A DNA Polymerase with Increased Reactivity for Ribonucleotides and C5-Modified Deoxyribonucleotides

Abstract

DNA polymerases find broad applications in molecular biology techniques (e.g., polymerase chain reaction, genome sequencing, or diagnostic methods).[1] Recently, DNA polymerases have increasingly been employed to synthesize highly functionalized DNA and thereby show great promise for future applications ranging from new DNA sequencing technologies[2] to diagnostics,[3] SELEX,[4] and DNA-based nanotechnology.[5] Moreover, it was shown that nucleotide analogues with a simplified sugar backbone such as threosyl or glyceryl surrogates are polymerized by DNA polymerases.[6] Interestingly, these reports show that DNA polymerases from sequence family B are superior to other DNA polymerases in polymerizing highly modified nucleotides.
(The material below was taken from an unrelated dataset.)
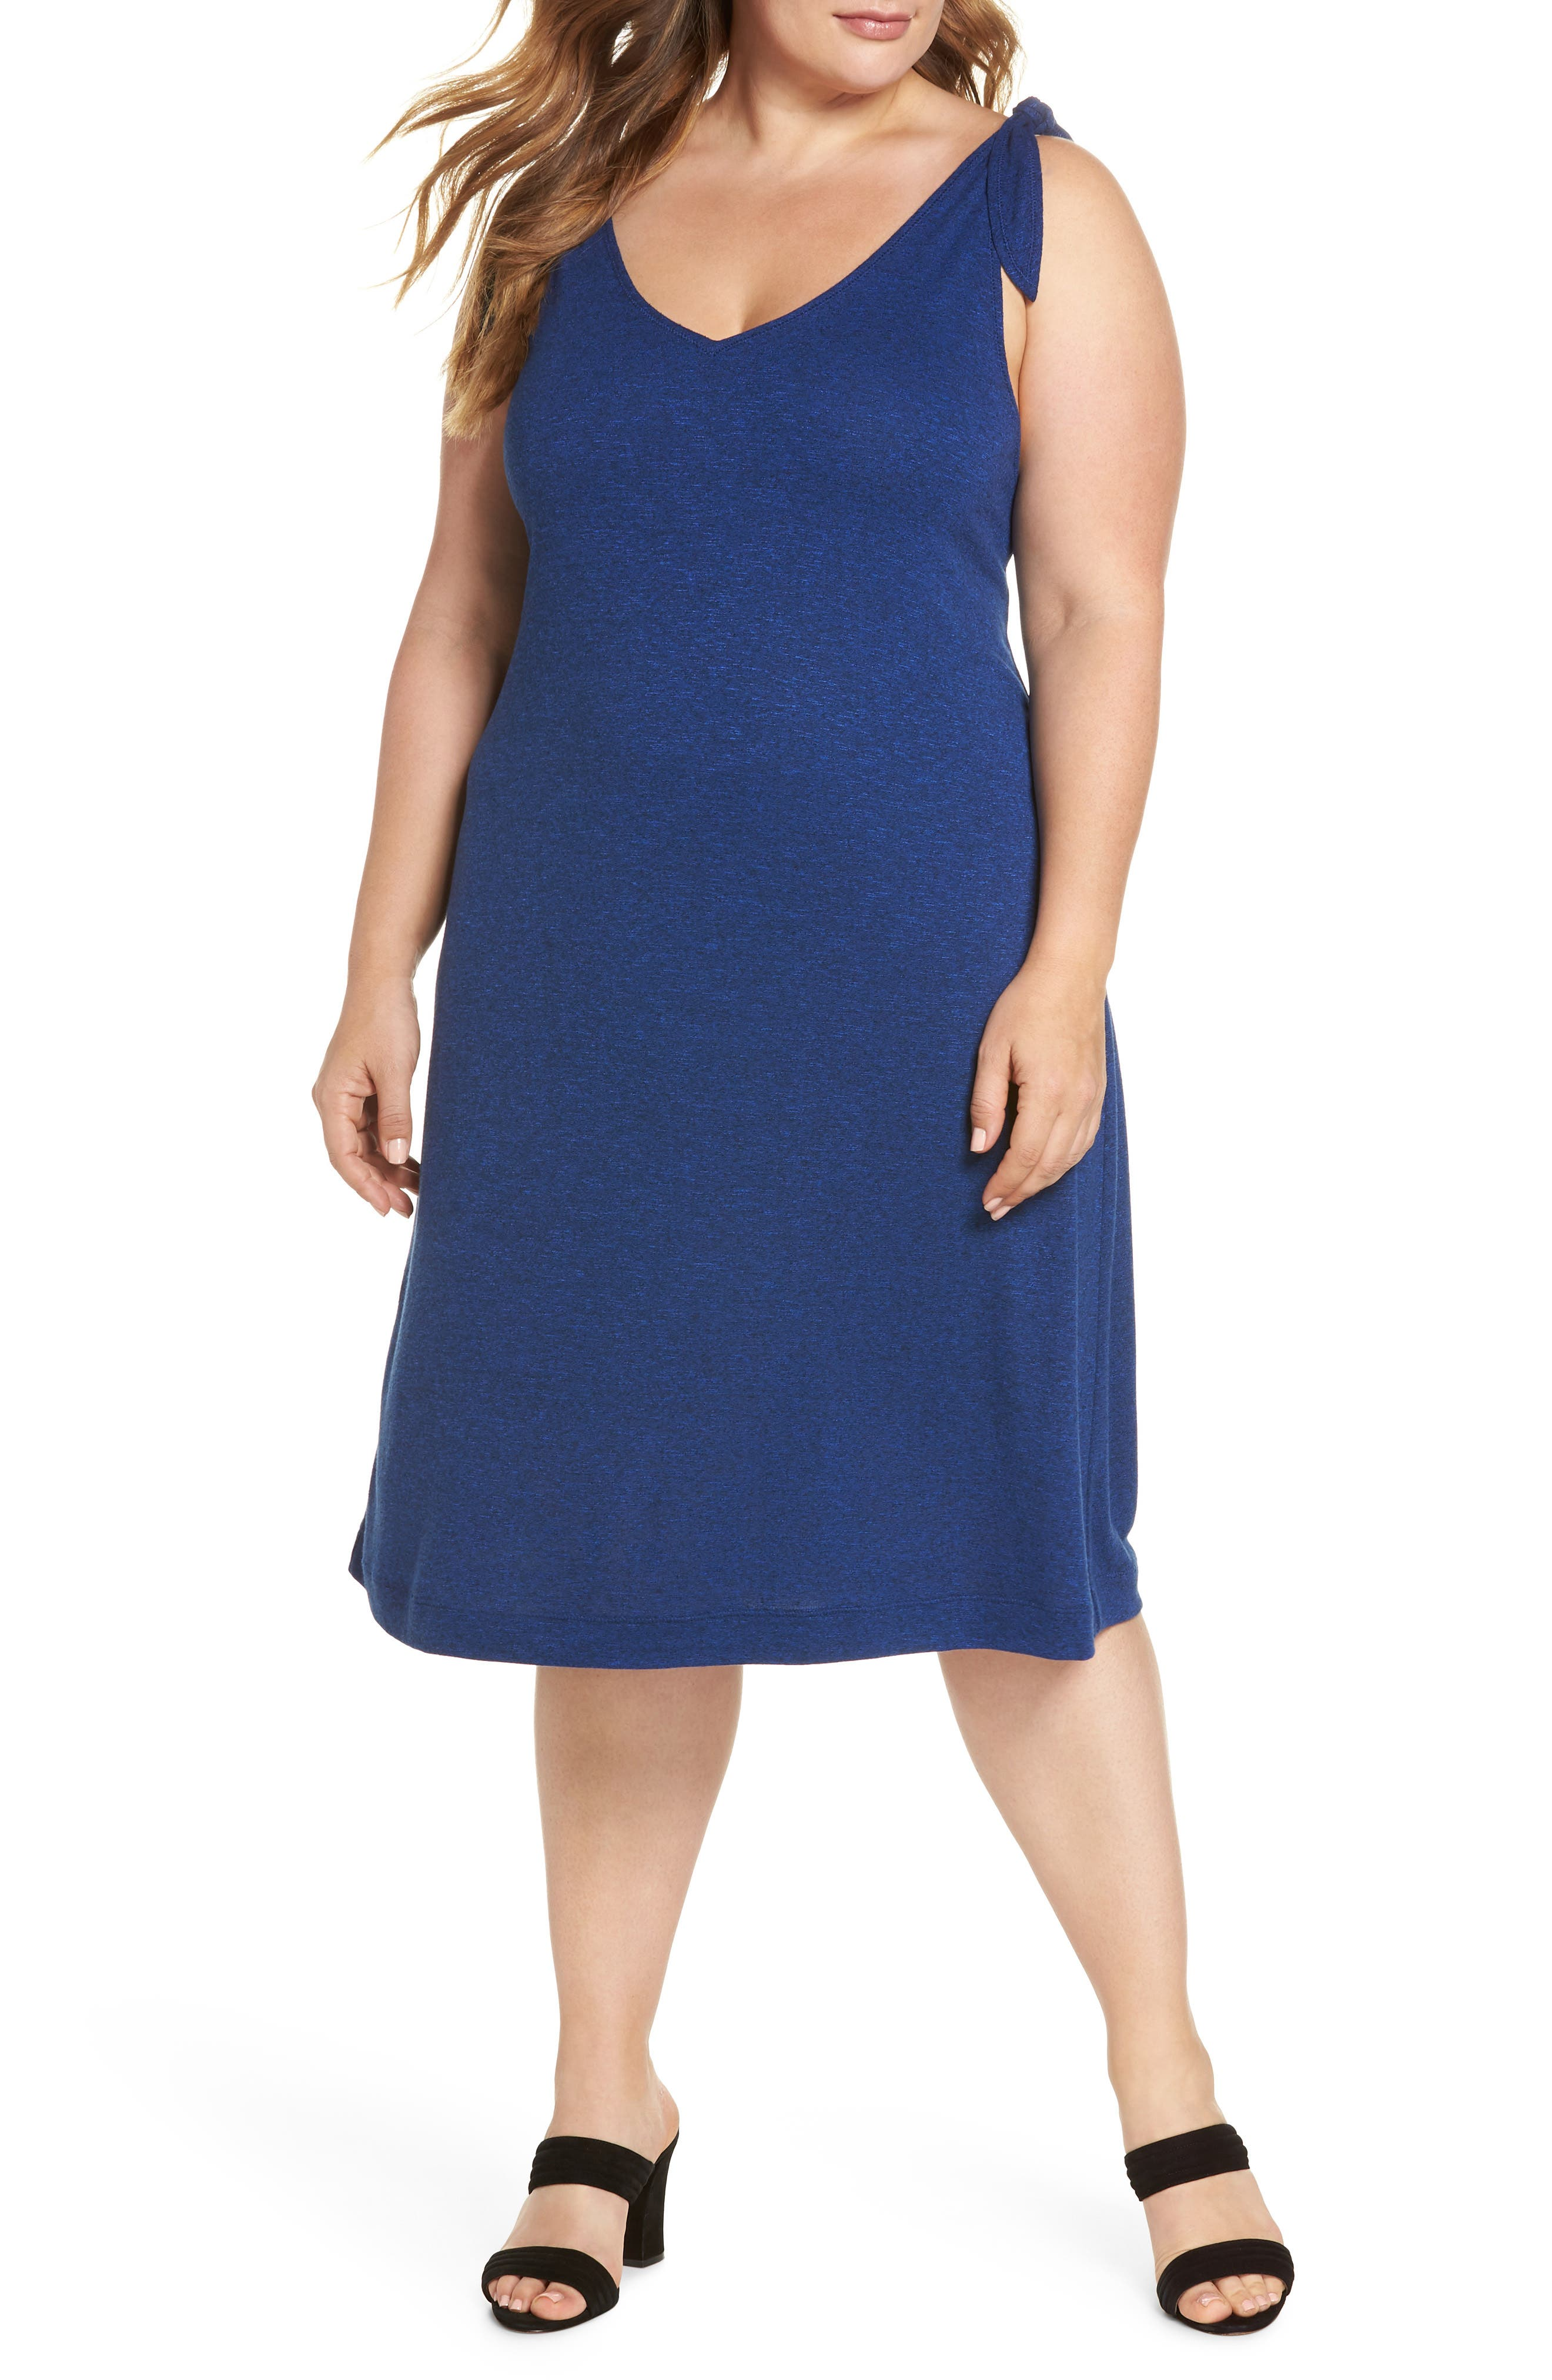 Knot Strap Knit Swing Dress,                         Main,                         color, Cobalt Blue Slub Terry

The A485L mutant of Thermococcus species 98N DNA polymerase termed Therminator DNA polymerase (Therminator pol)[7] was widely applied due to its ability to accept several unnatural nucleoside triphosphate analogues as substrates to some extent. However, the observed low efficiency of the enzyme in the processing of several modified substrates often still prevents further applications. Directed evolution shows great promise for improving the performance of DNA polymerases.[8] Here we present the generation of a new Therminator pol variant with broadened substrate scope. The enzyme was identified by a screen of a Therminator pol library that was generated by error-prone PCR. We show that the variant is able to polymerize sugar as well as nucleobase-modified nucleotides to a greater extent than the parental enzyme.